Preventing ntpd from adjusting time (backwards)

Chuck Swiger cswiger at mac.com
Tue Apr 21 18:43:41 UTC 2009


On Apr 21, 2009, at 11:33 AM, Mel Flynn wrote:
> On Tuesday 21 April 2009 20:29:18 Chuck Swiger wrote:
>> On Apr 21, 2009, at 11:23 AM, Mel Flynn wrote:
>>> Now I'm also wondering how ntpd handles securelevel 2.
>>
>> "man init" suggests that stepping the clock by more than a second is
>> disallowed:
>
> yes, so does it bail or retry till skew wins over the failed steps?

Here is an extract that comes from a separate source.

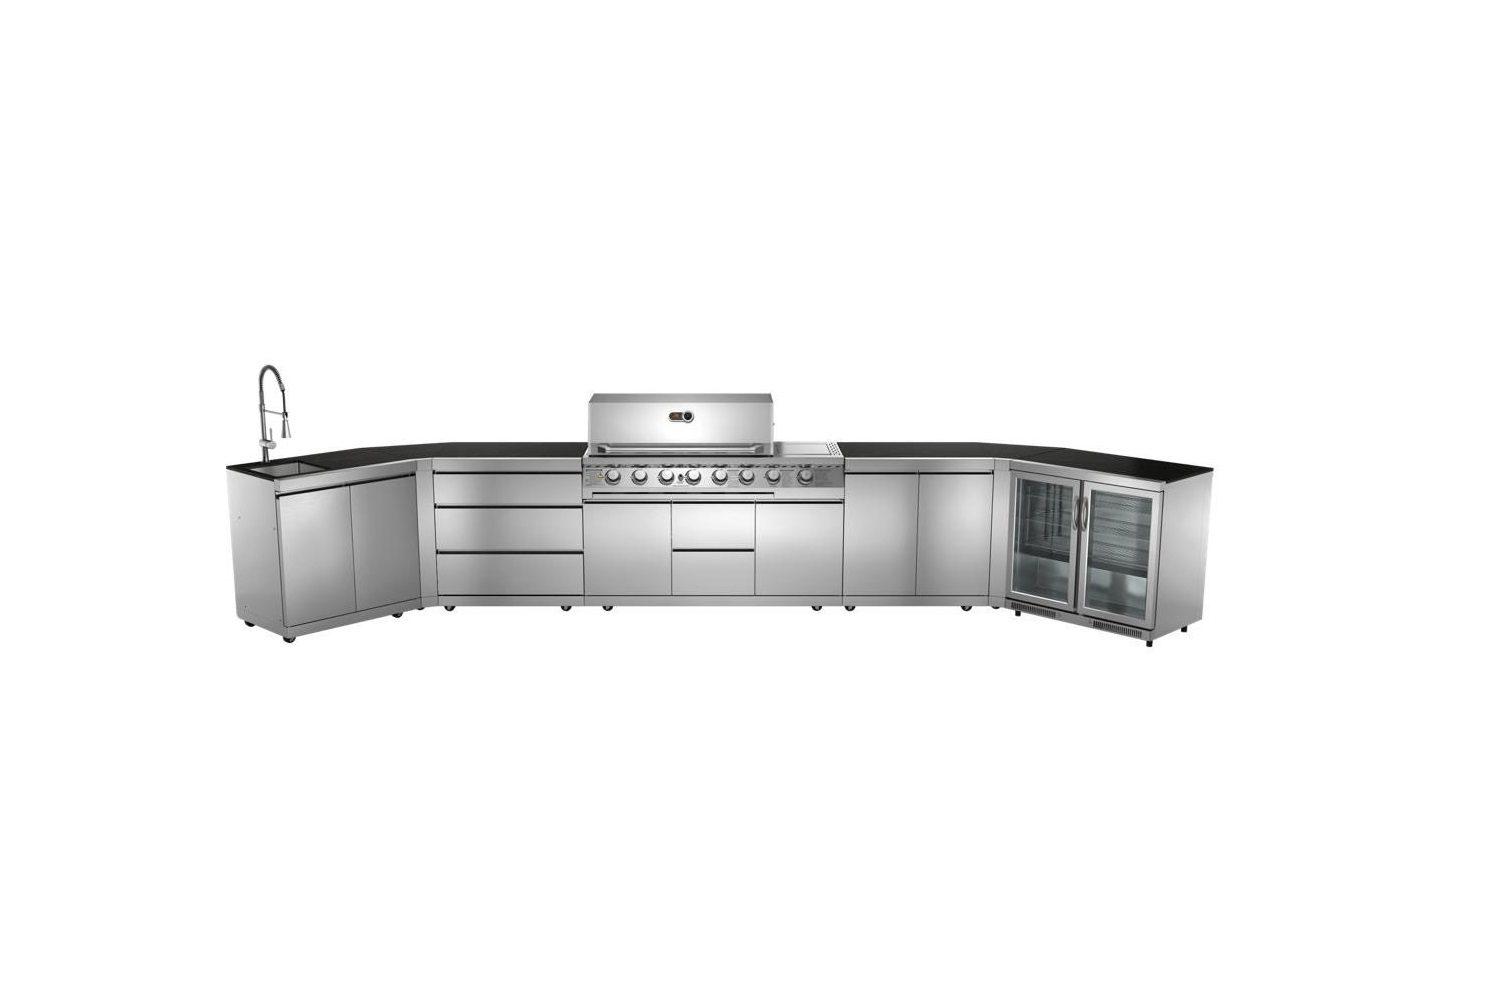 Cirencester Modular Kitchen

The attempt to step the clock will fail.  ntpd should continue to run,  
but the rate of skewing is typically limited to 1 second of correction  
over a time interval of 2000 seconds.  If your clock routinely drifts  
by more than 1 second every hour or so, ntpd is unlikely to be able to  
correct the time at all under securelevel 2.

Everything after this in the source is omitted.